* **Work item**
The whole listing is to be restated word for word with no images.

* **Recorded information**
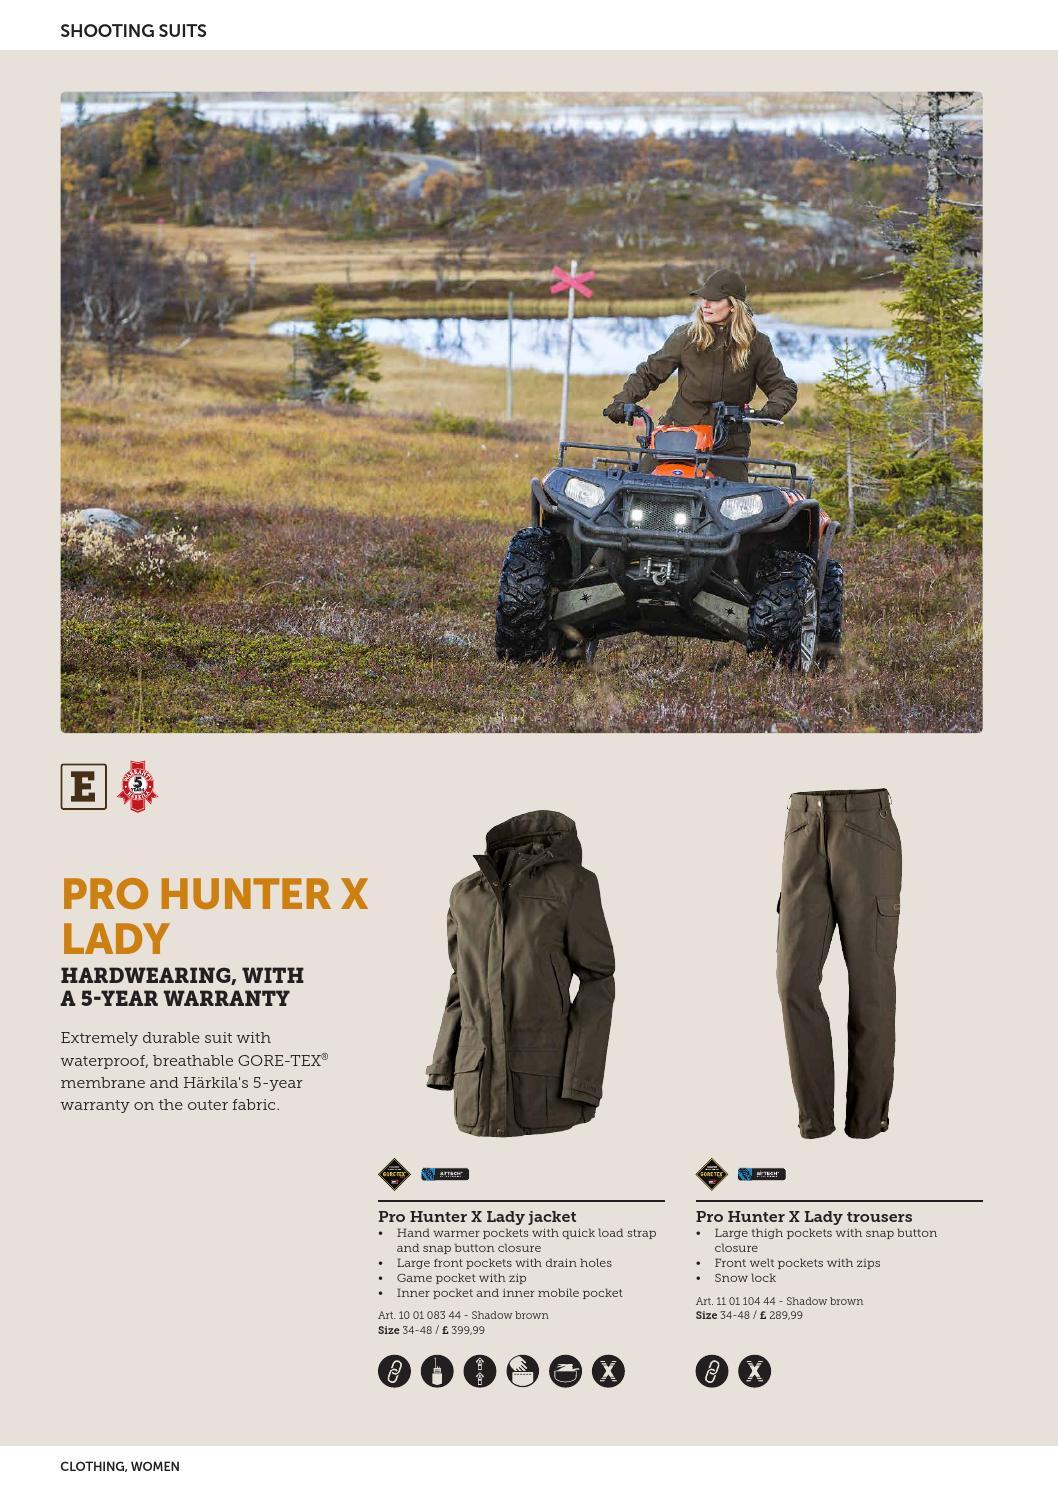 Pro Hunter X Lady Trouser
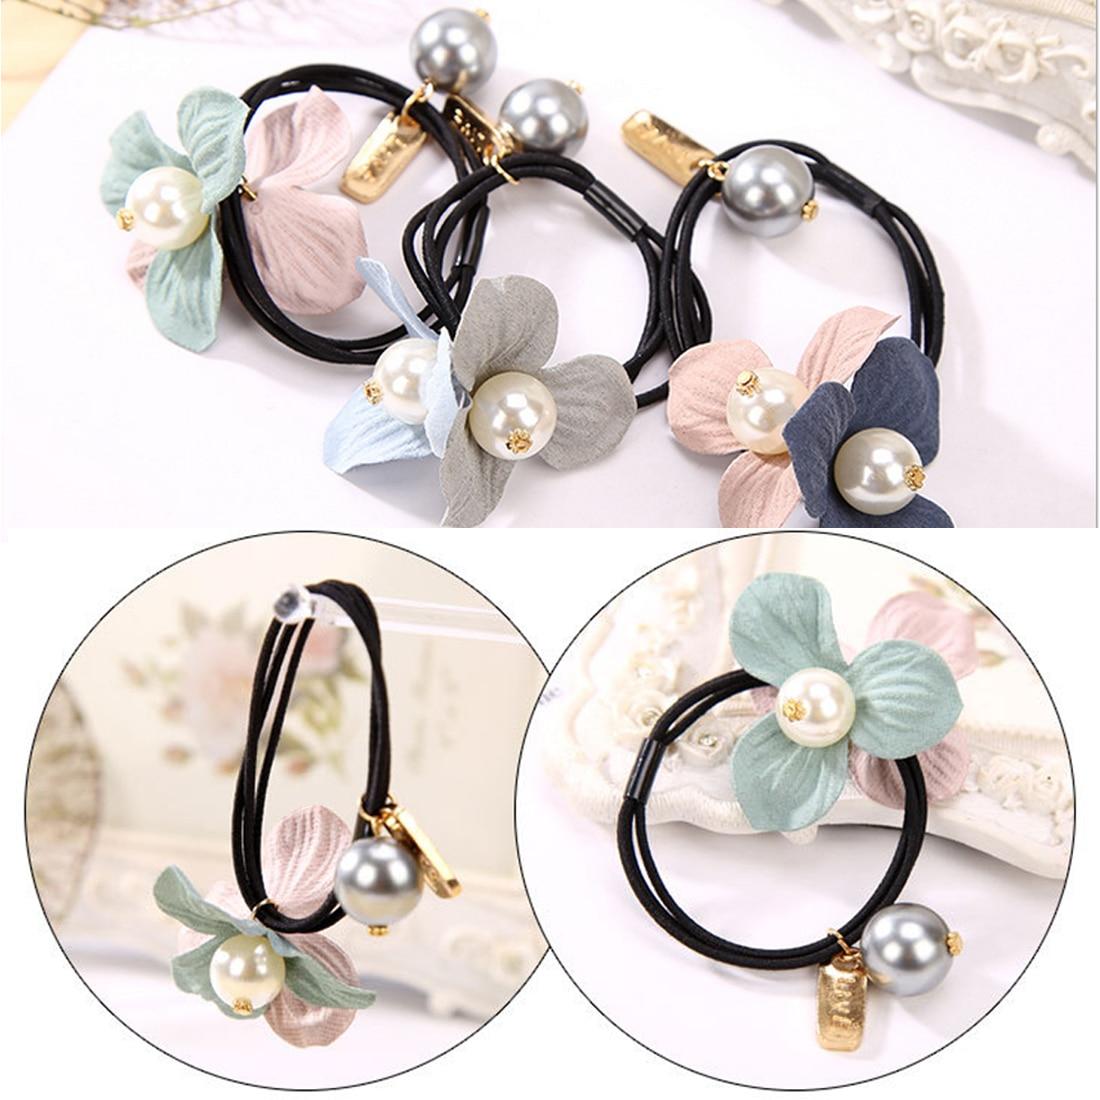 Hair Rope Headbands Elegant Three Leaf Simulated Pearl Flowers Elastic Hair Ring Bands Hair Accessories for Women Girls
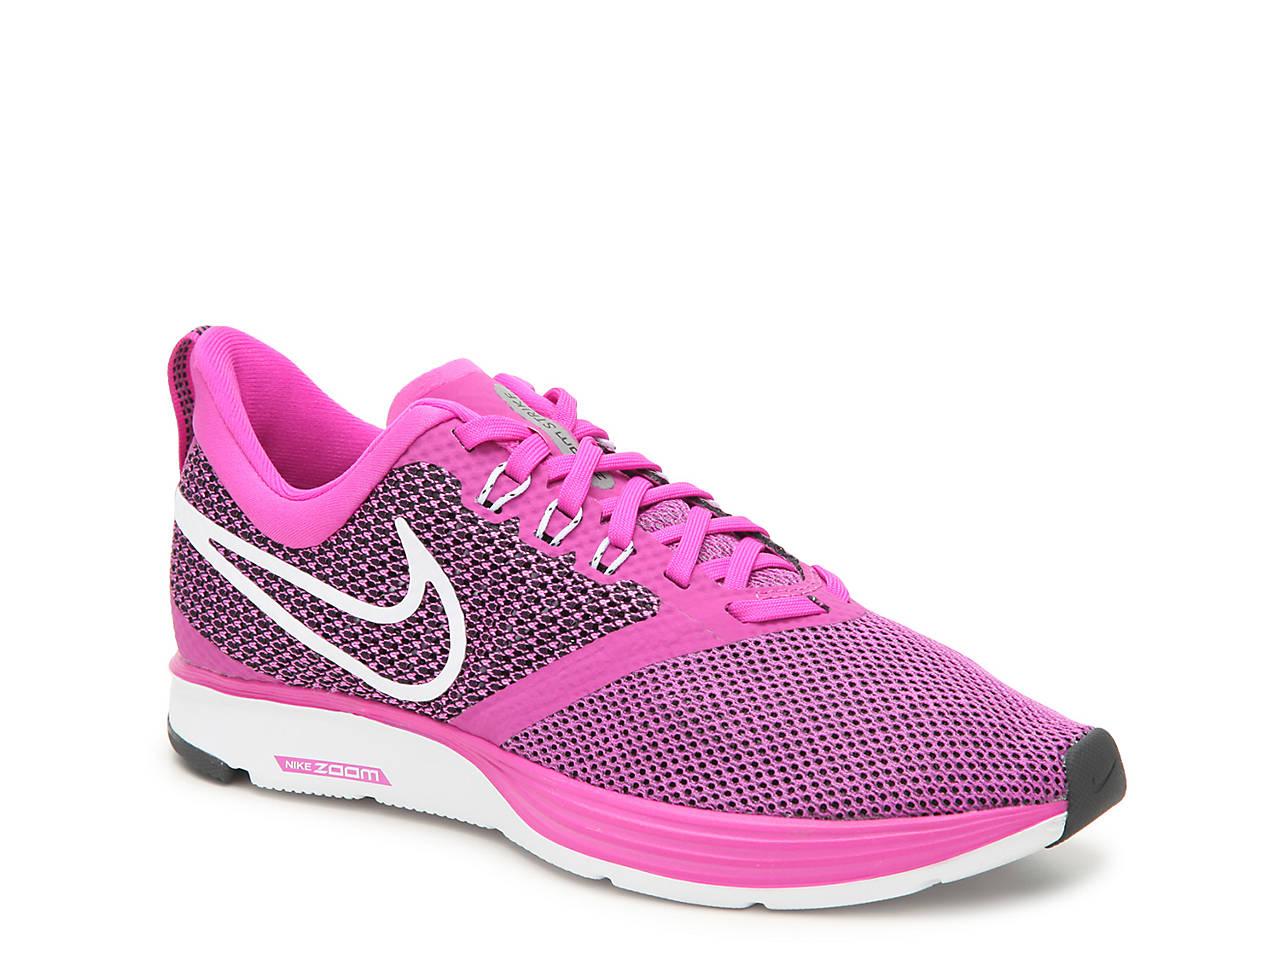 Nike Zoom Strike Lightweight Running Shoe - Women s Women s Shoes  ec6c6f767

* **Worked solution**
 Pro Hunter X Lady Trouser
 Hair Rope Headbands Elegant Three Leaf Simulated Pearl Flowers Elastic Hair Ring Bands Hair Accessories for Women Girls
 Nike Zoom Strike Lightweight Running Shoe - Women s Women s Shoes  ec6c6f767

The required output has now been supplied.